Filed under: environment

23 Comments Leave a Comment

  • 1. Captainkaos2  |  March 27, 2016 at 8:30 pm

    Very well done that man ( who is he?) I wonder if he’s the same man I could see today walking the tow path opposite “peep-o-day” lane picking up rubbish ?

  • 2. Julie B  |  March 27, 2016 at 10:16 pm

    What a wonderful thing to do. Well done, whoever you are.

  • 3. Helen  |  March 27, 2016 at 10:29 pm

    Yes, thanks very much to the unknown sweeper from me too.

  • 4. Rachel  |  March 27, 2016 at 10:35 pm

    Great work.
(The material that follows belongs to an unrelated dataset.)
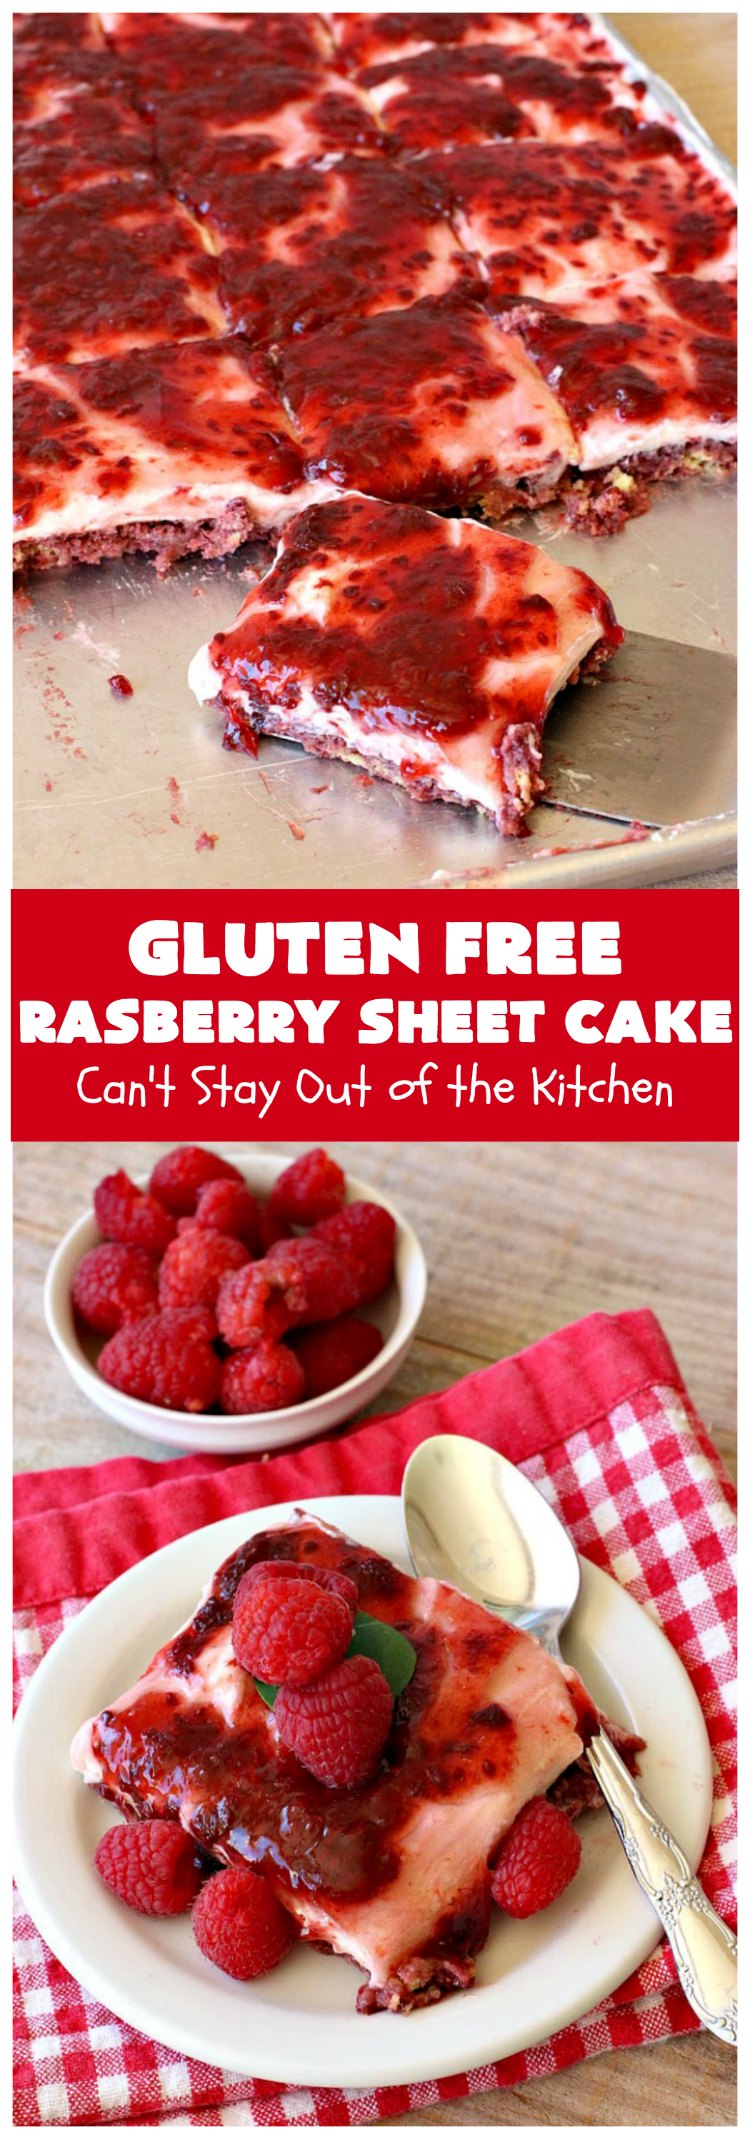 Gluten Free Raspberry Sheet Cake | Can't Stay Out of the Kitchen

Where is Peep-O-Day lane?

    I walked down the path from Tesco to Drayton bridge today and that had been cleared too – much wider and smoother to navigate than when I last ventured down there, 3 years ago

  • 5. Captainkaos2  |  March 28, 2016 at 1:15 am

    Rachel, Peep-O-day lane originally went from the old foundry/junction with Caldecotte road all the way along the river side, past the sailing club and through where the marina is, past the sewer farm and gravel pits and all the way up to the Drayton road, it was so named because you had the first “peep of the day” from it looking eastward across Andersay Island ( toward the Culham road ) sometime during the last century part of it was renamed Wilsham road and the Drayton end of it got corrupted to “Oday Hill” and later the Round house because of the round toll house that once stood at the junction of Oday Hill and the Drsyton rd, I remember it well and the notorious S bend at that junction too!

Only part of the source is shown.